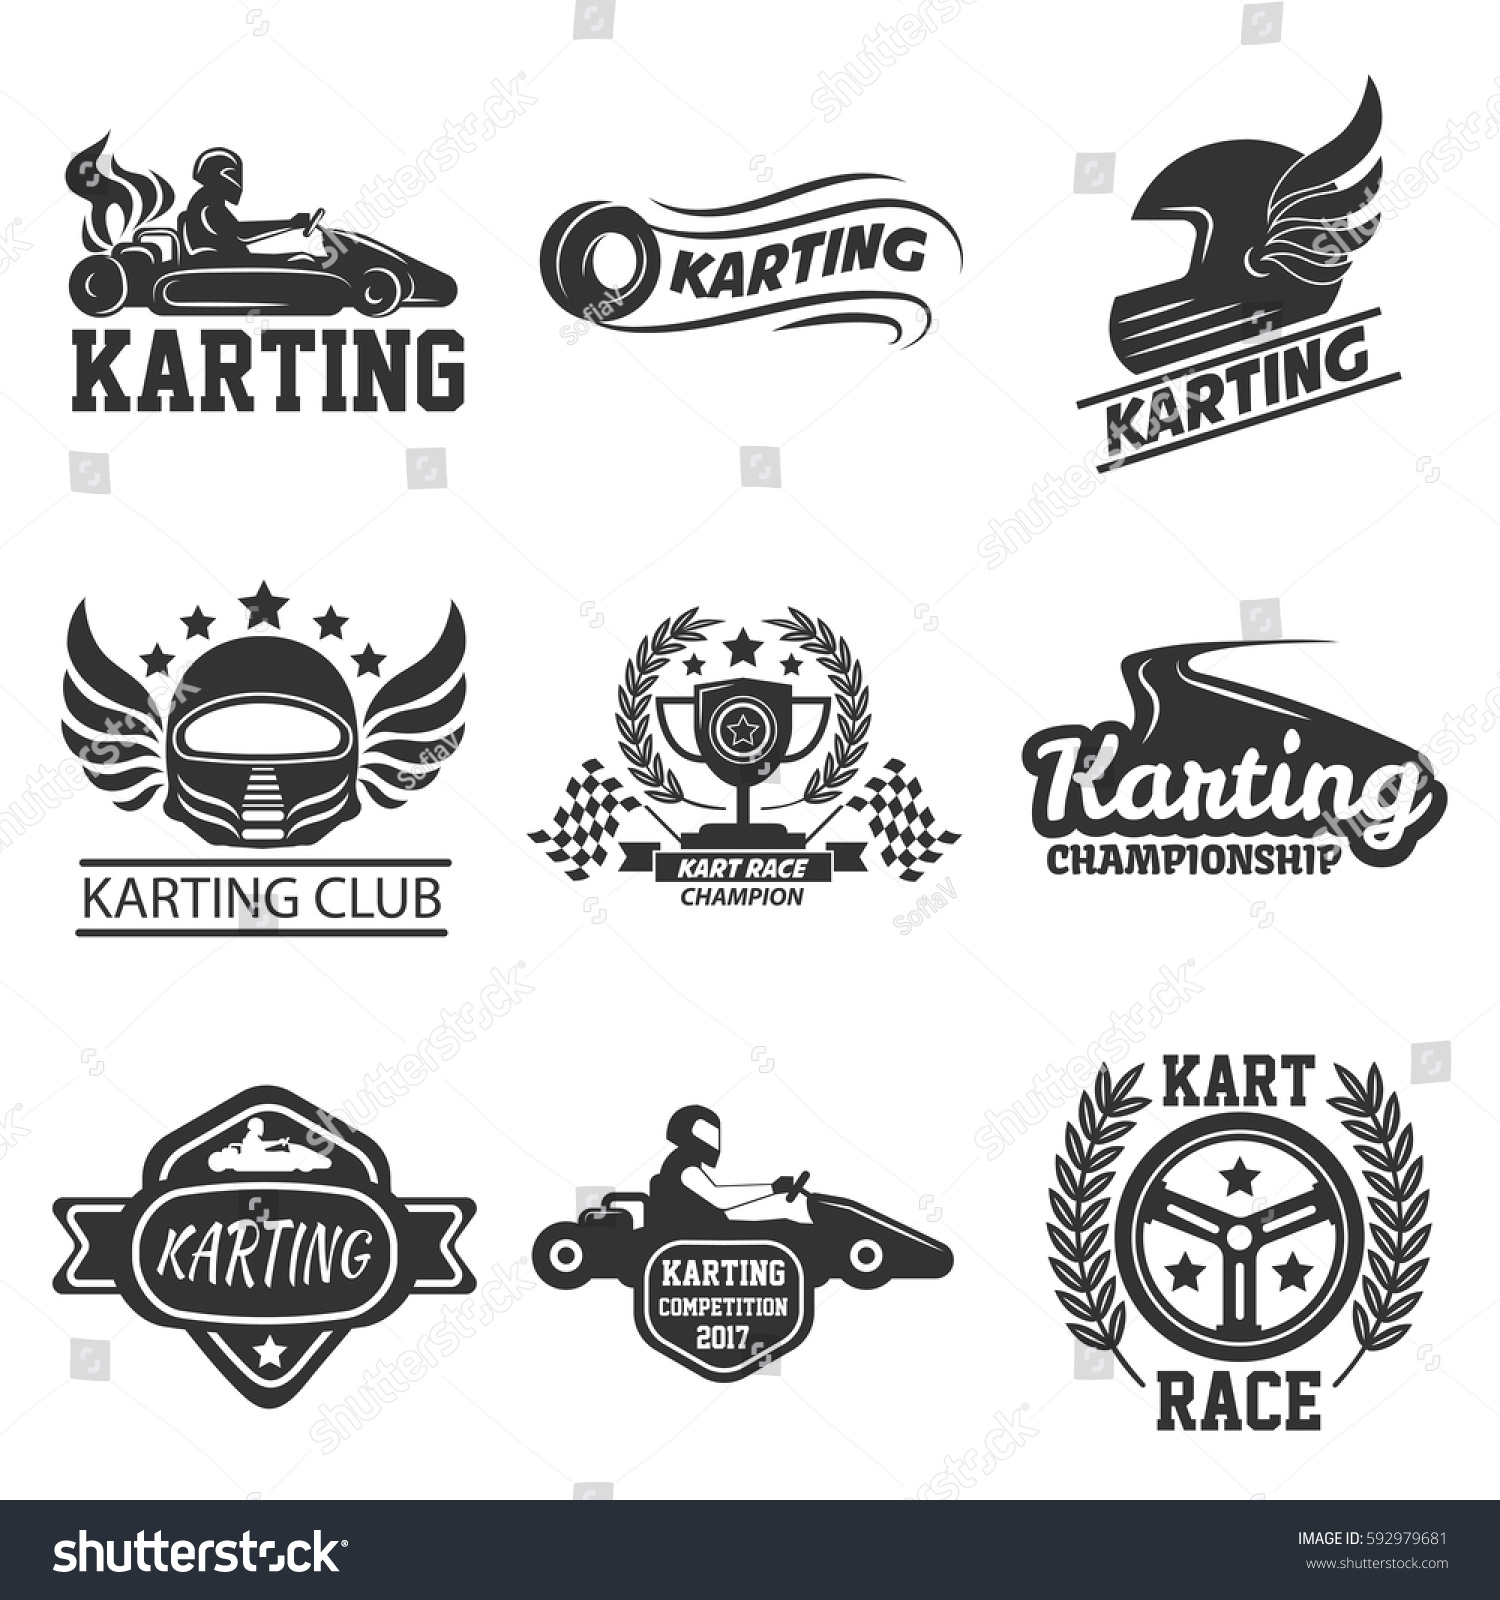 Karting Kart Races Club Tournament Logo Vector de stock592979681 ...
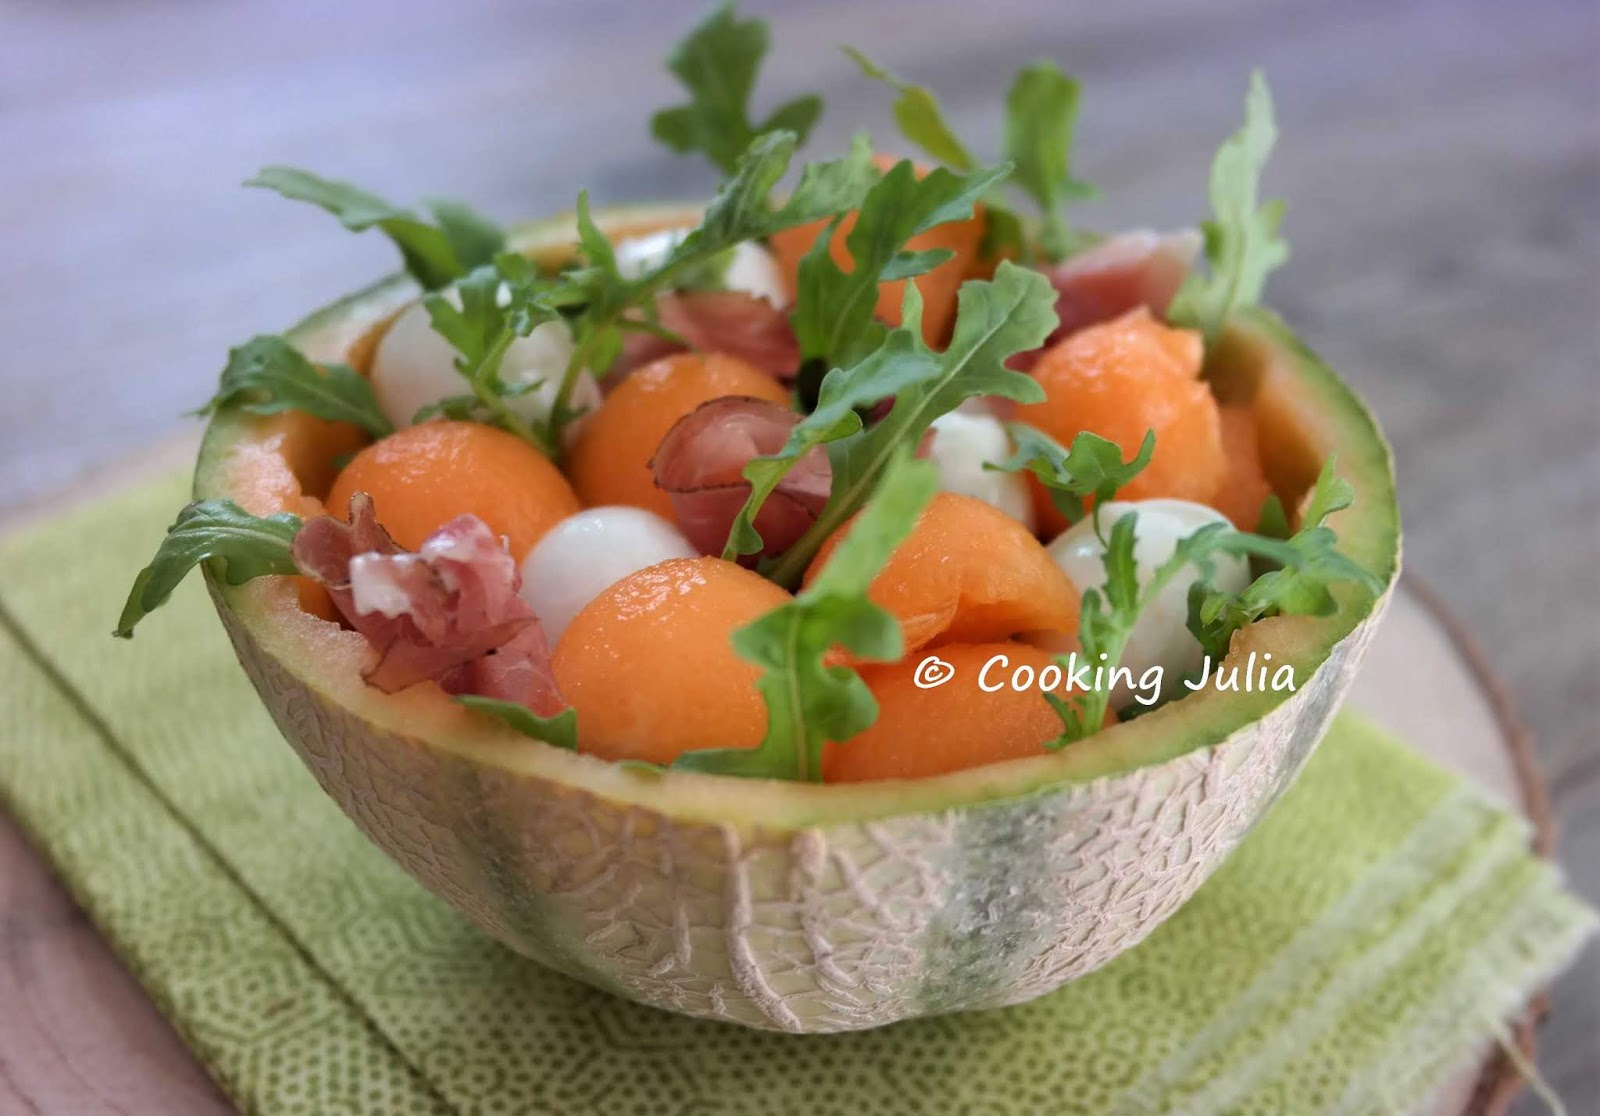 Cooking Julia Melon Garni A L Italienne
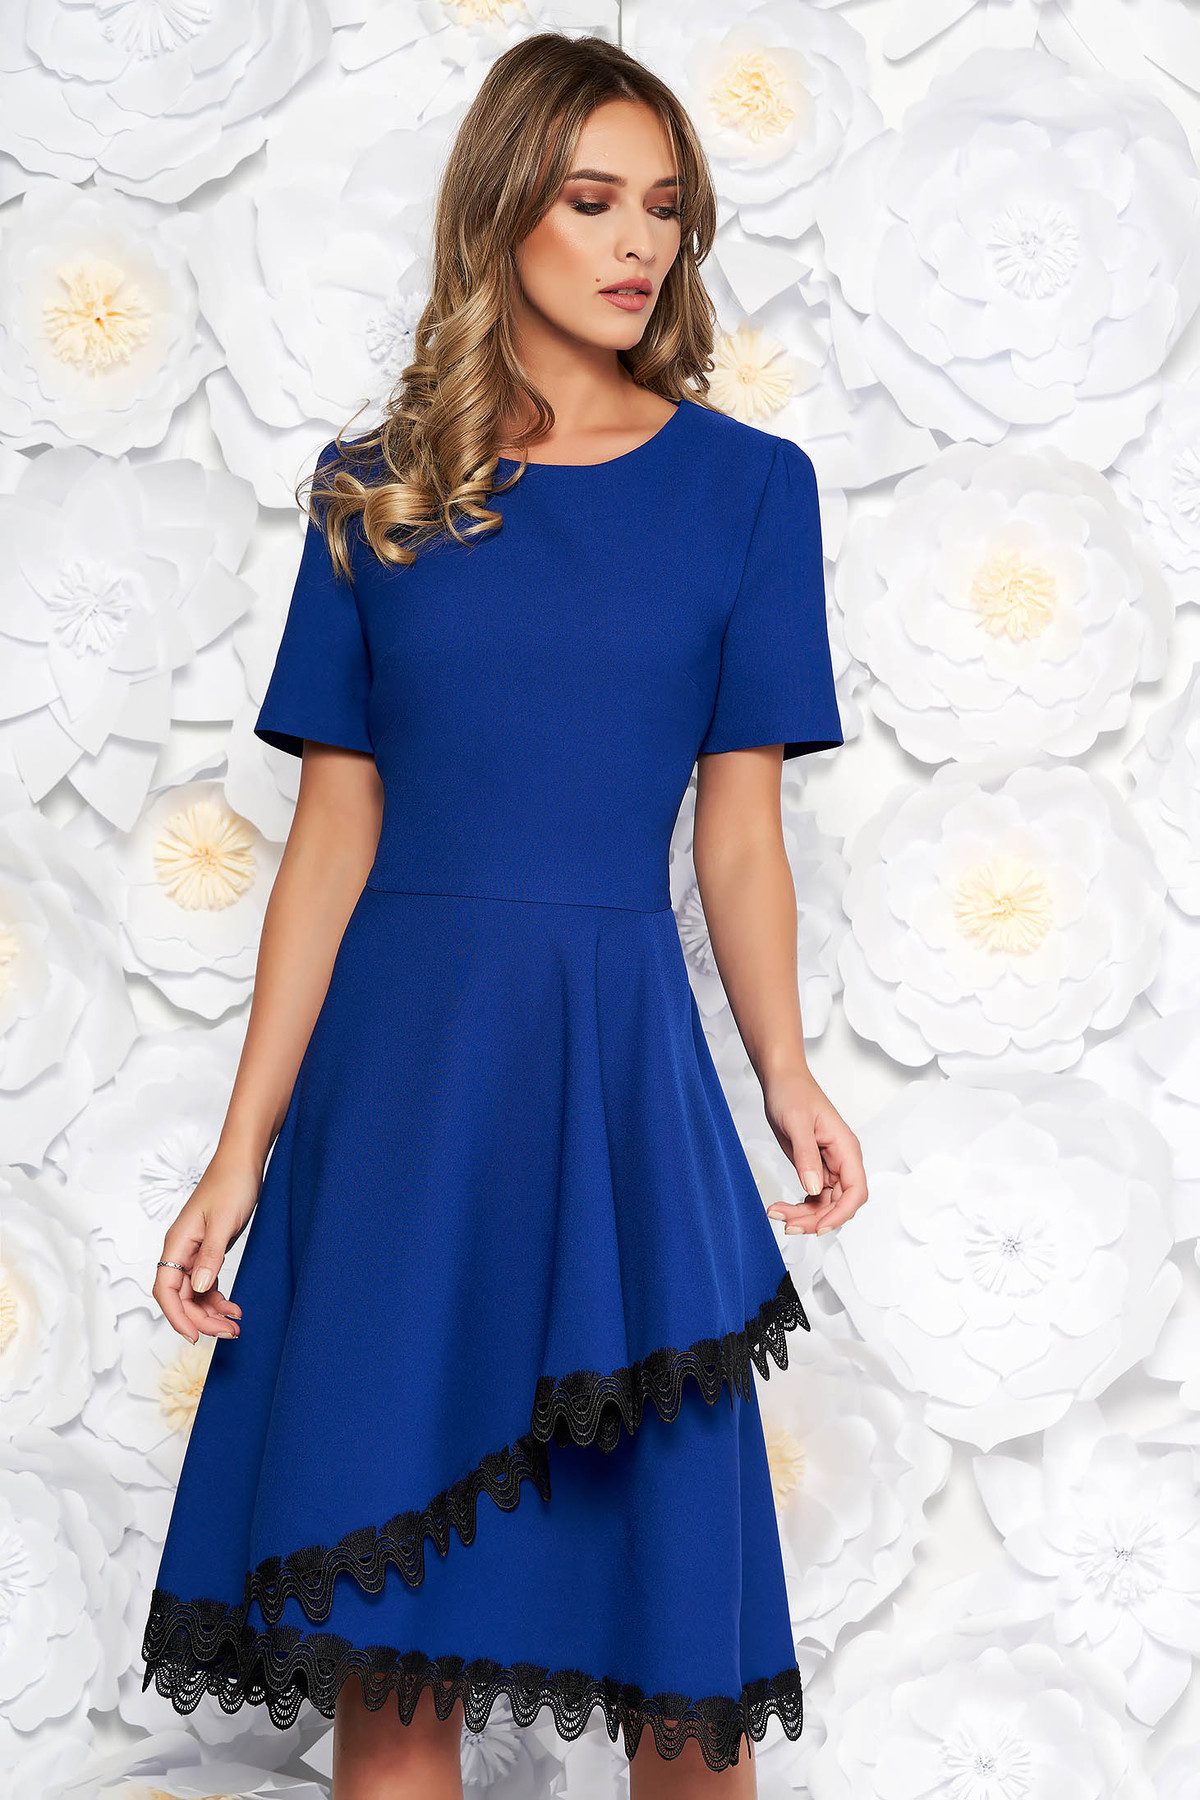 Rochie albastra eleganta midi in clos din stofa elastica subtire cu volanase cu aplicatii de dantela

**Exercise brief:**
Excluding the pictures, retype the line containing "Cooking Julia Melon Garni A L Italienne" and all lines after it down to the end of the data above.

**Result:**
 Cooking Julia Melon Garni A L Italienne
 Rochie albastra eleganta midi in clos din stofa elastica subtire cu volanase cu aplicatii de dantela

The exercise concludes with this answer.